= Beginning of Section =

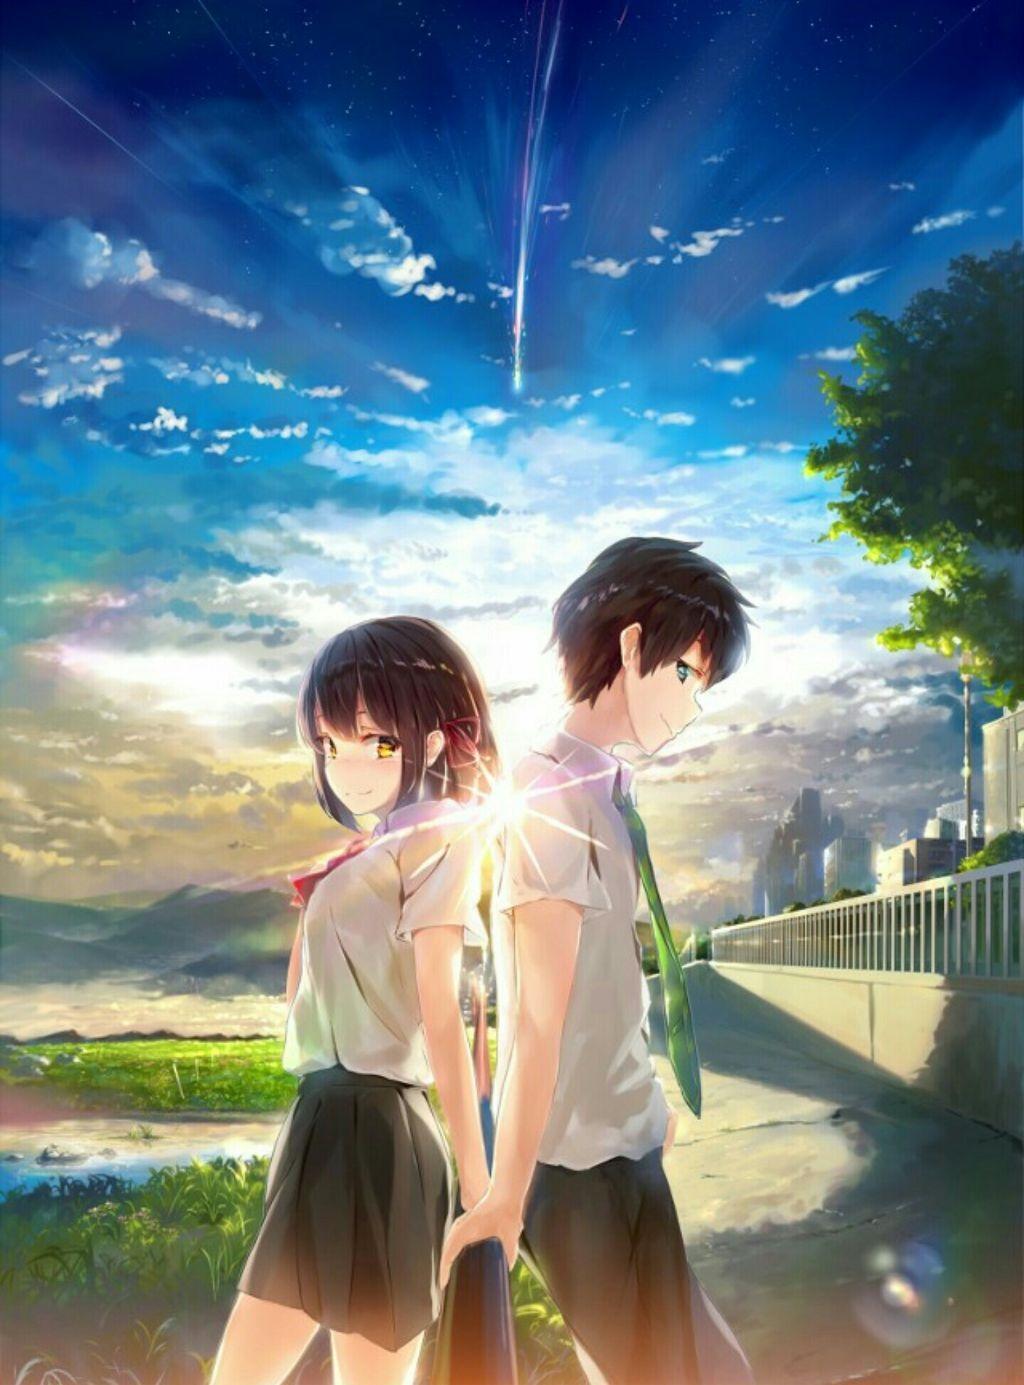 Красивые картинки аниме арты парень и девушка 13
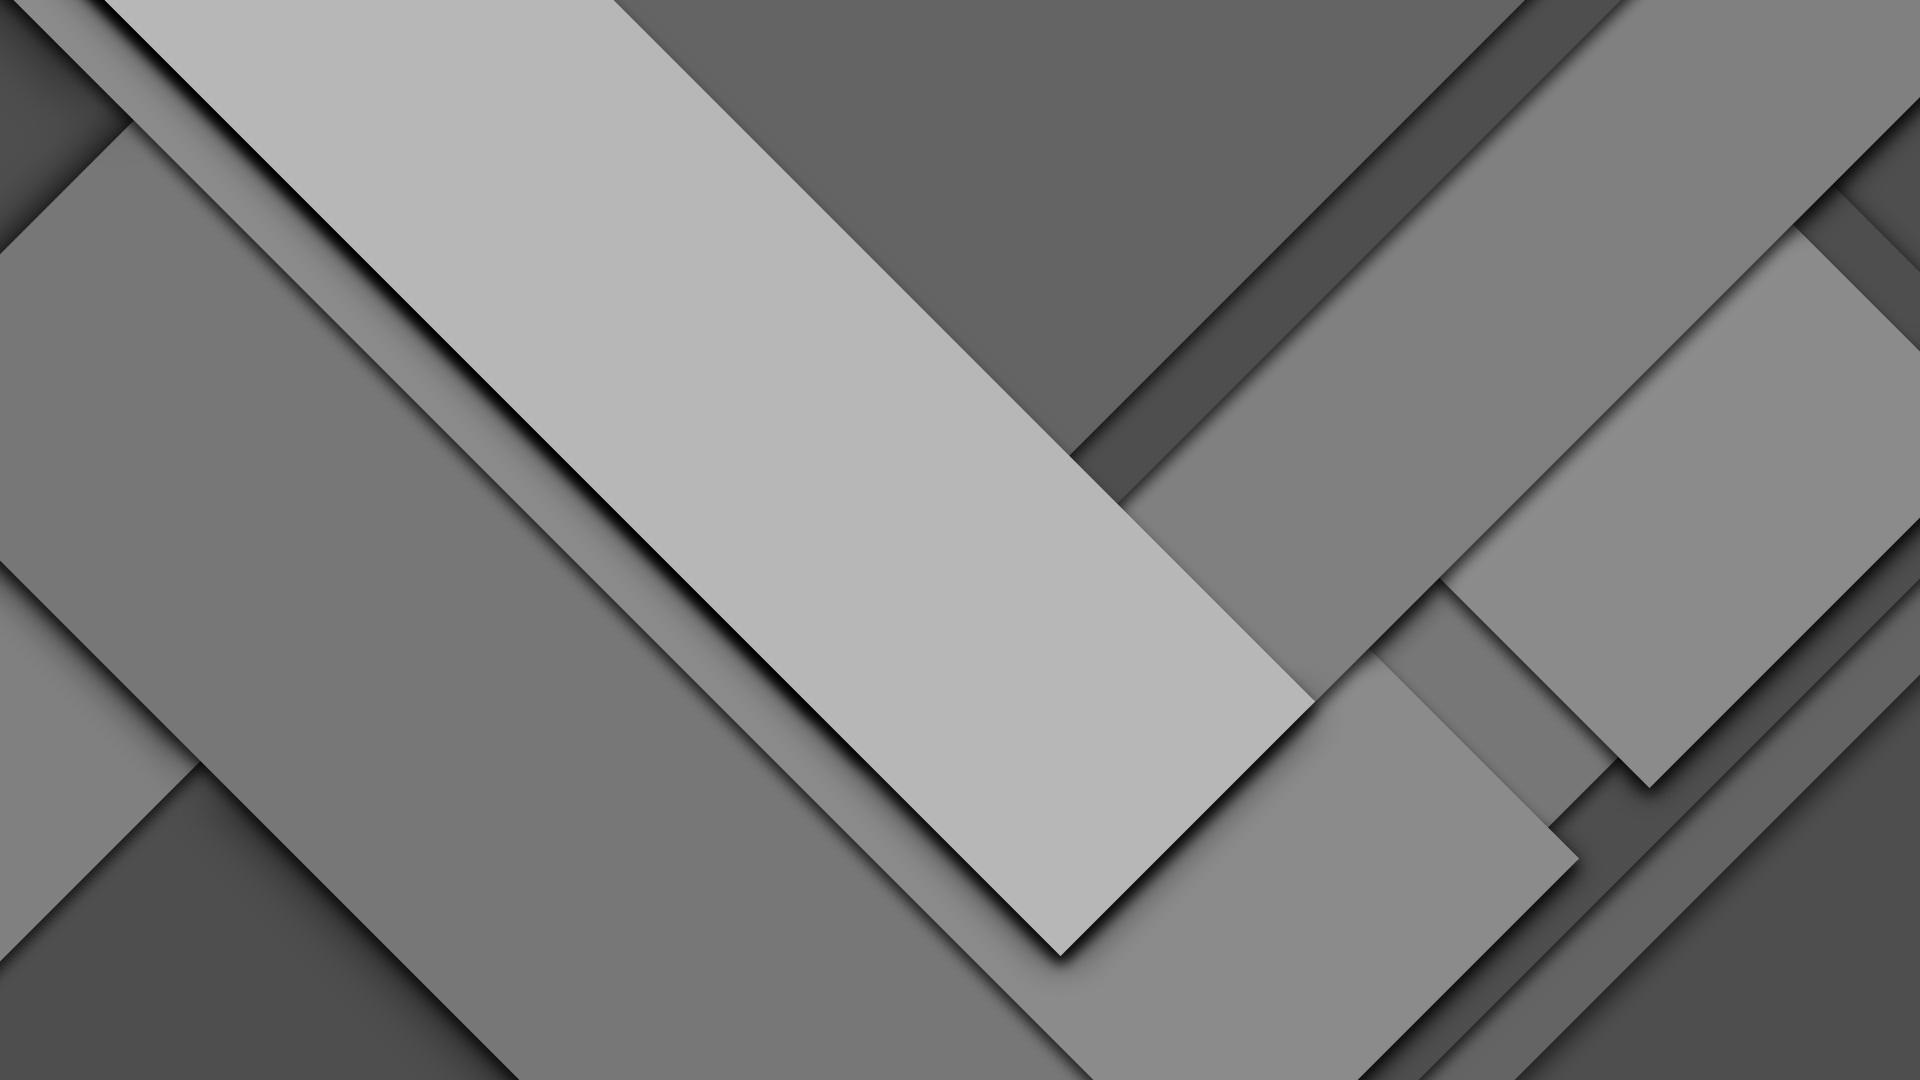 1920x1080 Material Design Grey Laptop Full HD 1080P HD 4k
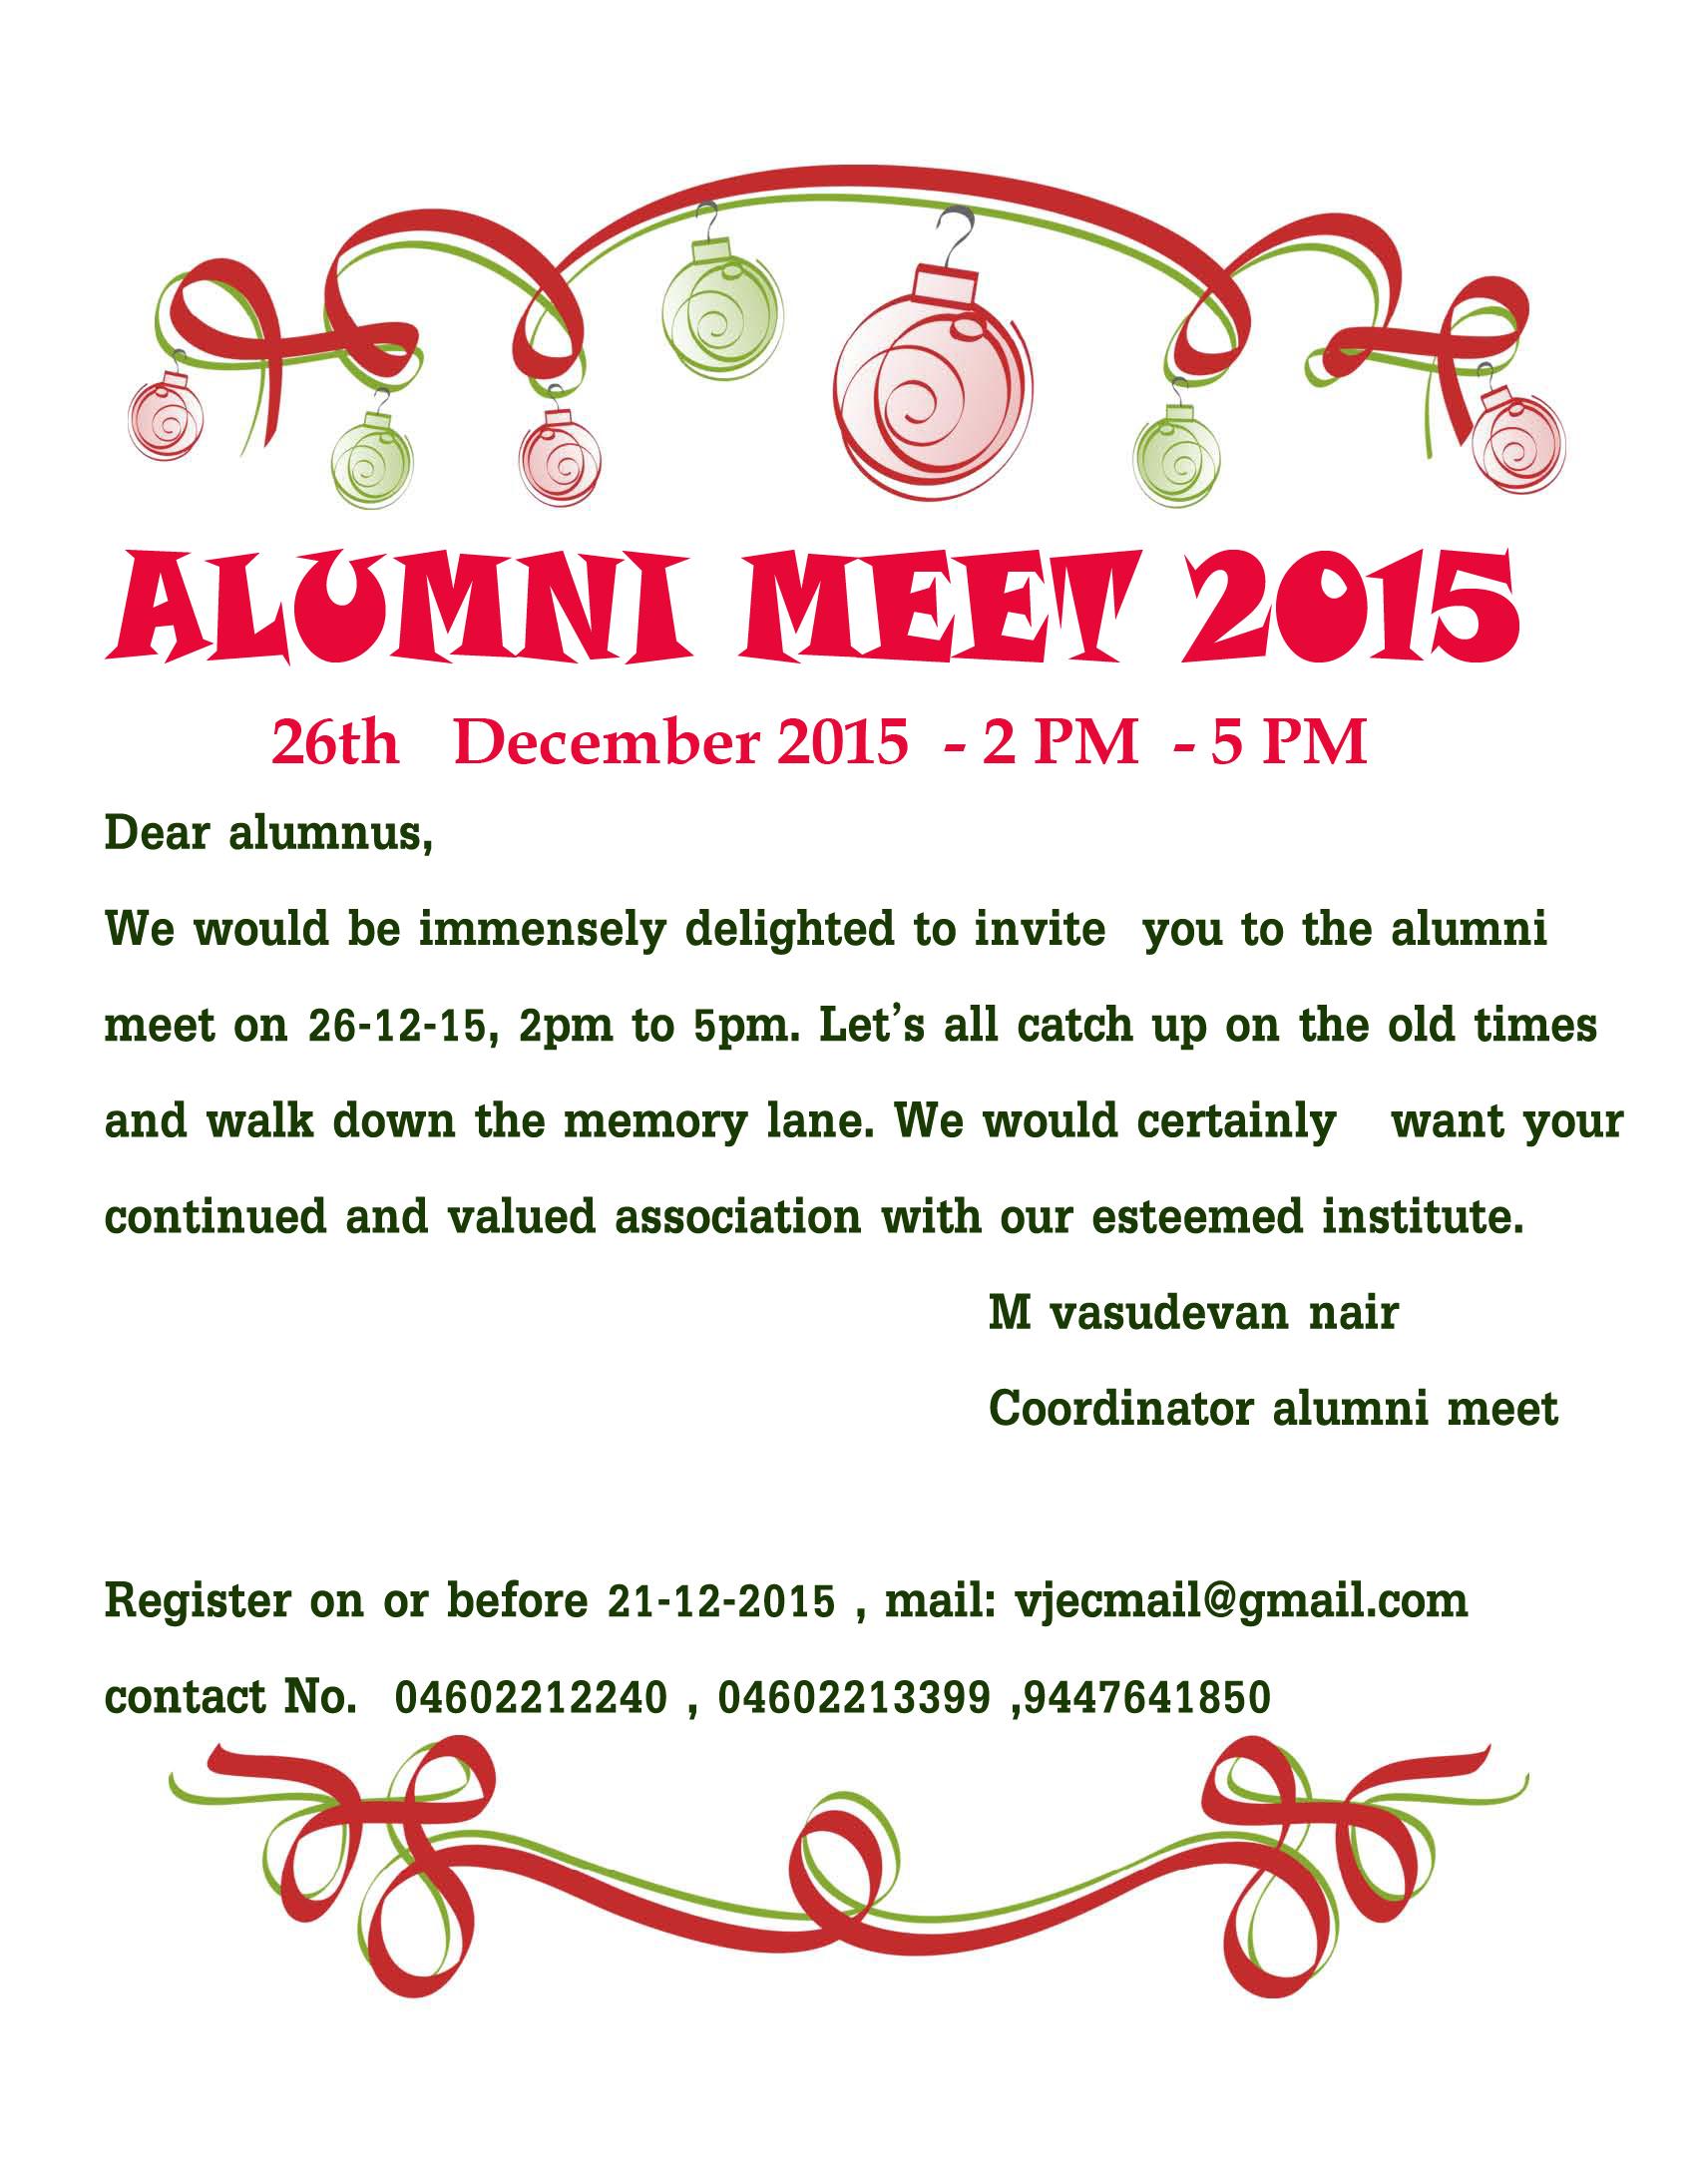 iitk alumni meet bangalore time
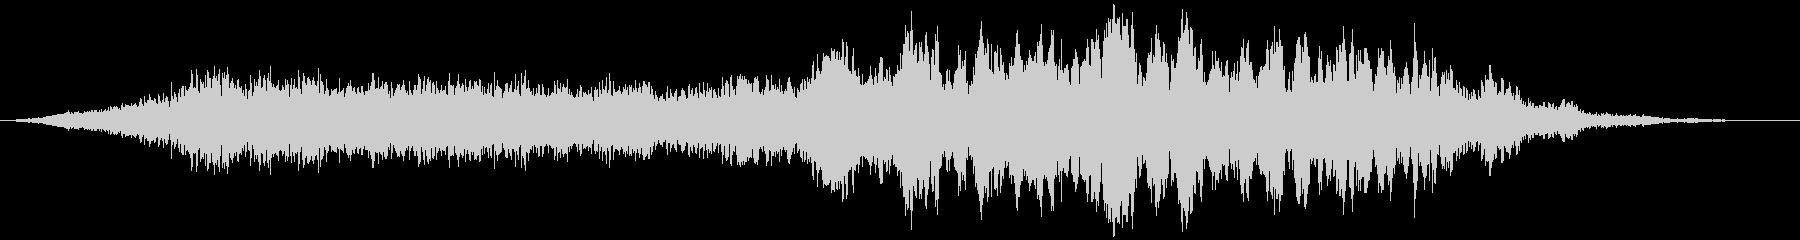 【ホラーゲーム】ダークアンビエント_06の未再生の波形

= End of Section =

> _Activity_
What is needed is the full material, retyped unchanged, with no pictures in it.

> _Result_
 Красивые картинки аниме арты парень и девушка 13
 1920x1080 Material Design Grey Laptop Full HD 1080P HD 4k
 iitk alumni meet bangalore time
 【ホラーゲーム】ダークアンビエント_06の未再生の波形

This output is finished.